What is the difference between agentic AI and AI-assisted security?
AI-assisted security accelerates the analyst. The model generates a summary, suggests a next step, or enriches an alert. A human reads the output, gathers additional context, runs queries, and makes the call. Agentic AI security operates at a different layer. The system conducts the investigation before an analyst is involved. It maps the affected user and assets against behavioral baselines, queries data sources in their native formats, reasons across the evidence, and delivers a documented outcome. By the time a human sees the alert, the context is assembled and the finding is ready for a decision. AI assistance delivers a faster starting point. Agentic investigation delivers a finished record.
Does agentic AI security replace SOC analysts?
No. It changes what analysts spend their time on. A March 2026 report by Anton Chuvakin, Security Advisor at Google Cloud's Office of the CISO, and Oliver Rochford, co-founder of Aunoo AI, found that in production AI SOC deployments, human analysts retain decision authority throughout. AI handles enrichment, summarization, and investigation steps. Humans make the calls.

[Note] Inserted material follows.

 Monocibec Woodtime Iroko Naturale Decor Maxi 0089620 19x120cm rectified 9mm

The Crogl 2026 State of SecOps report found that 57% of practitioners cite freeing analyst bandwidth as a primary benefit of AI in the SOC. The argument for agentic investigation is a capacity argument, not a headcount argument. The 4.8 million unfilled cybersecurity positions globally are not closing. The answer is analysts whose time is spent on decisions, not on assembling the evidence that precedes them.
How do you defend against agentic AI attacks?

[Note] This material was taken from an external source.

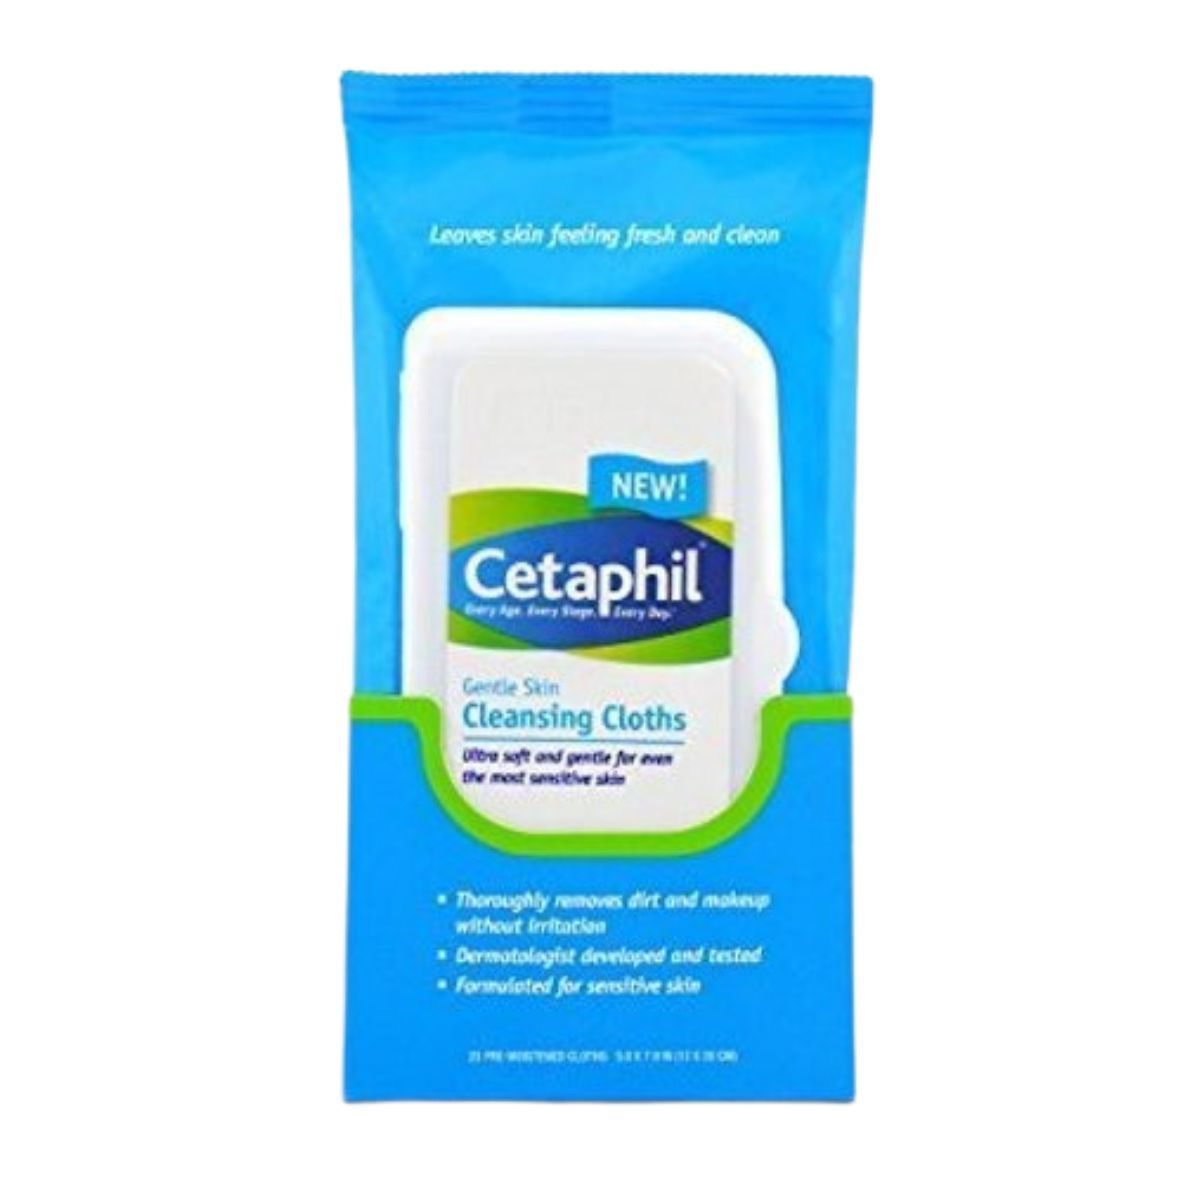 Gentle Skin Cleansing Cloths, 2-pack

Defending against agentic AI attacks requires investigation capability that operates at the same speed and scale as the threats. Three requirements follow. First, the defensive system needs a continuously updated model of the environment: users, assets, behavioral baselines, and event history. Agentic attacks run parallel operations that do not follow sequential patterns. Correlating them requires context that exists before the alert arrives, not assembled manually after it does. Second, the system needs to query data sources without requiring normalization beforehand. An investigation architecture that requires a clean data pipeline is too slow by design. Third, every action the defensive system takes needs to be logged, auditable, and interrogable. AI agents authenticate, hold credentials, and take autonomous action. Governing them requires the same rigor applied to human users and service accounts, including a full audit trail from decision to action. Crogl is built around these three requirements and runs in the environments where the data lives, including air-gapped networks.